Delphinium bakeri, or Baker's larkspur, is a species of perennial herb in the buttercup family, Ranunculaceae. It is endemic to California in the United States, where it is a federally listed endangered species. It is known in the wild from one remaining occurrence near Salmon Creek in Sonoma County, where only seven plants remained as of March 2006.

D. bakeri grows from a thickened, tuber-like, fleshy cluster of roots, to a height of 70 cm. The leaves occur primarily along the upper third of the stem and are green at the time the plant flowers.

The flowers are irregularly shaped. It has five conspicuous sepals, bright dark blue or purplish, with the rear sepal elongated into a spur. The inconspicuous petals occur in two pairs. The lower pair is oblong and blue-purple, the upper pair oblique and white. Seeds are produced in several dry, many-seeded fruits that split open at maturity on only one side. The species flowers from April through May.

Baker's larkspur grows on decomposed shale within coastal scrub plant community. Its range historically included the Point Reyes Peninsula and areas between Camp Meeker and Petaluma, California.

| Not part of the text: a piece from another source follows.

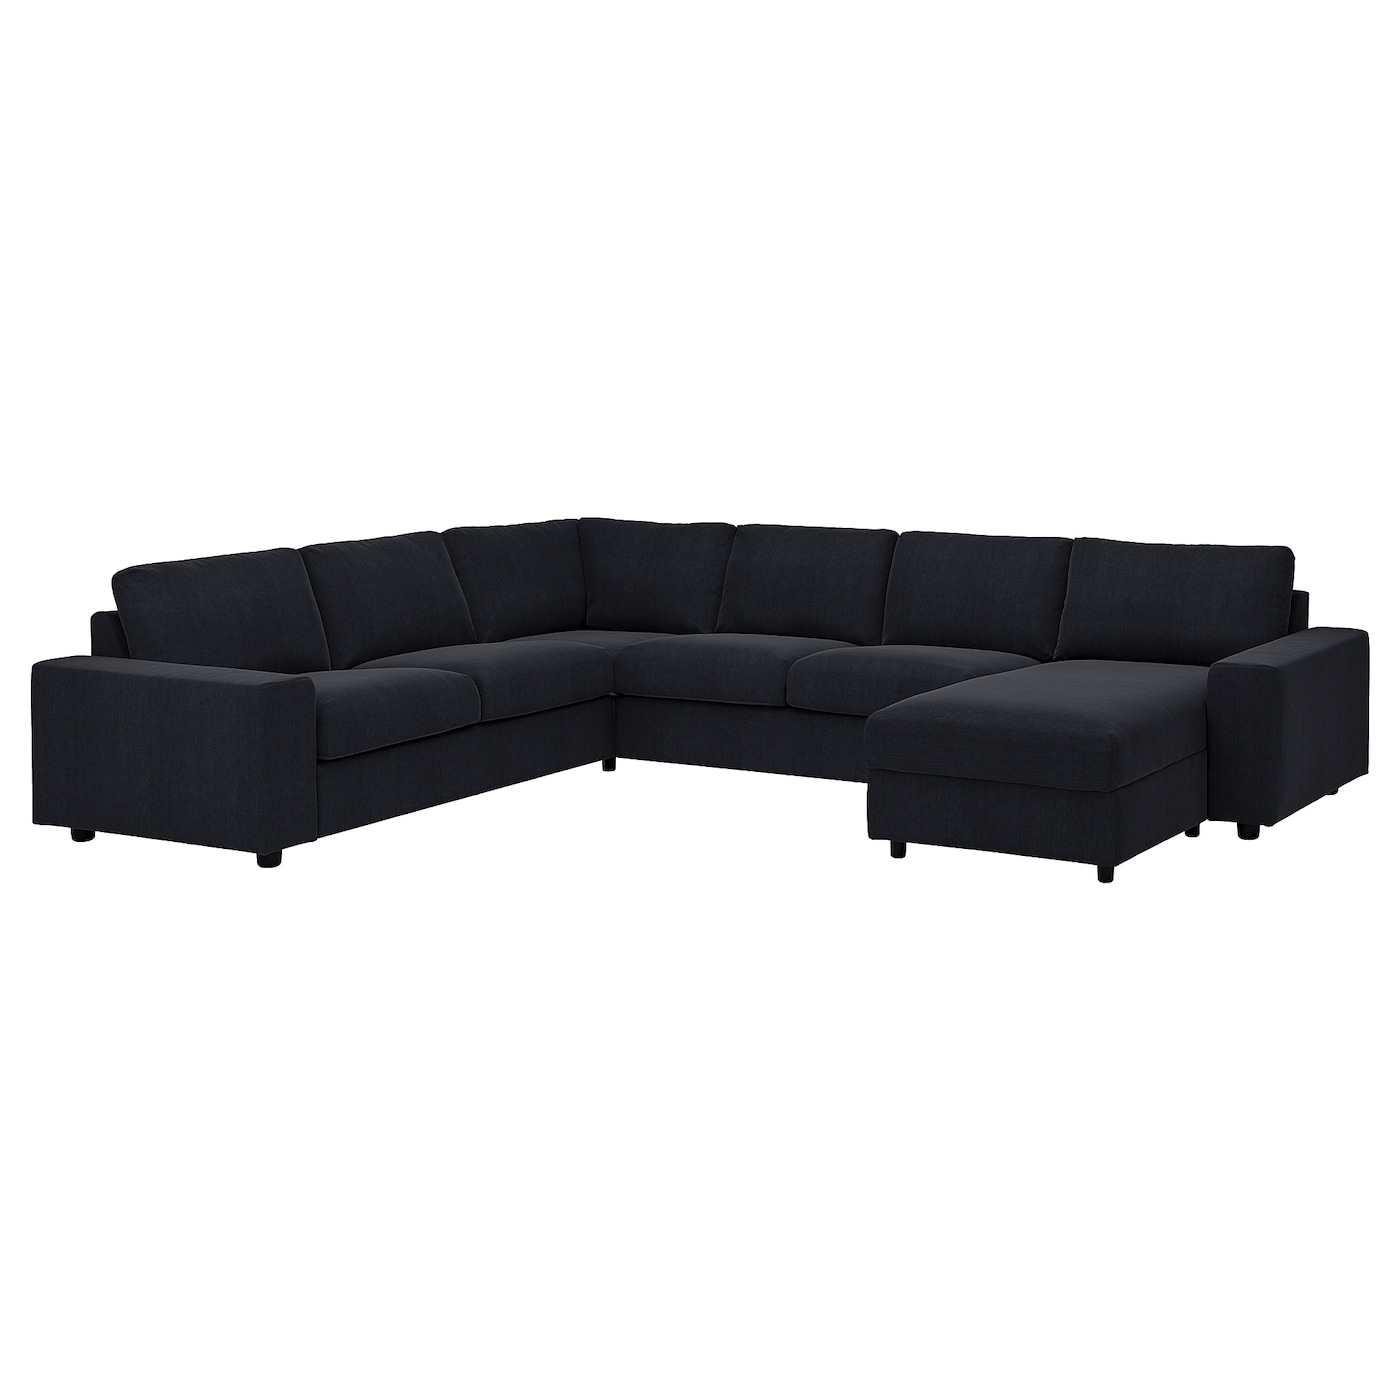 ВИМЛЕ Диван угловой, 5-местный. диван+диван, с широкими подлокотниками/Saxemara черно-синий VIMLE IKEA диван офисный угловой стандартный

==Near-extinction incidents caused by road crews==
In July 2002, county-hired road crews mowing weeds in the critical habitat area cut down 30 to 50 Baker's larkspurs. Scientists initially believed the action might have caused the species' extinction.

In October 2004, the plant was nearly made extinct in earnest by road workers using heavy machinery to unclog a roadside drain. The last remaining population of about 100 plants was reduced to five individuals.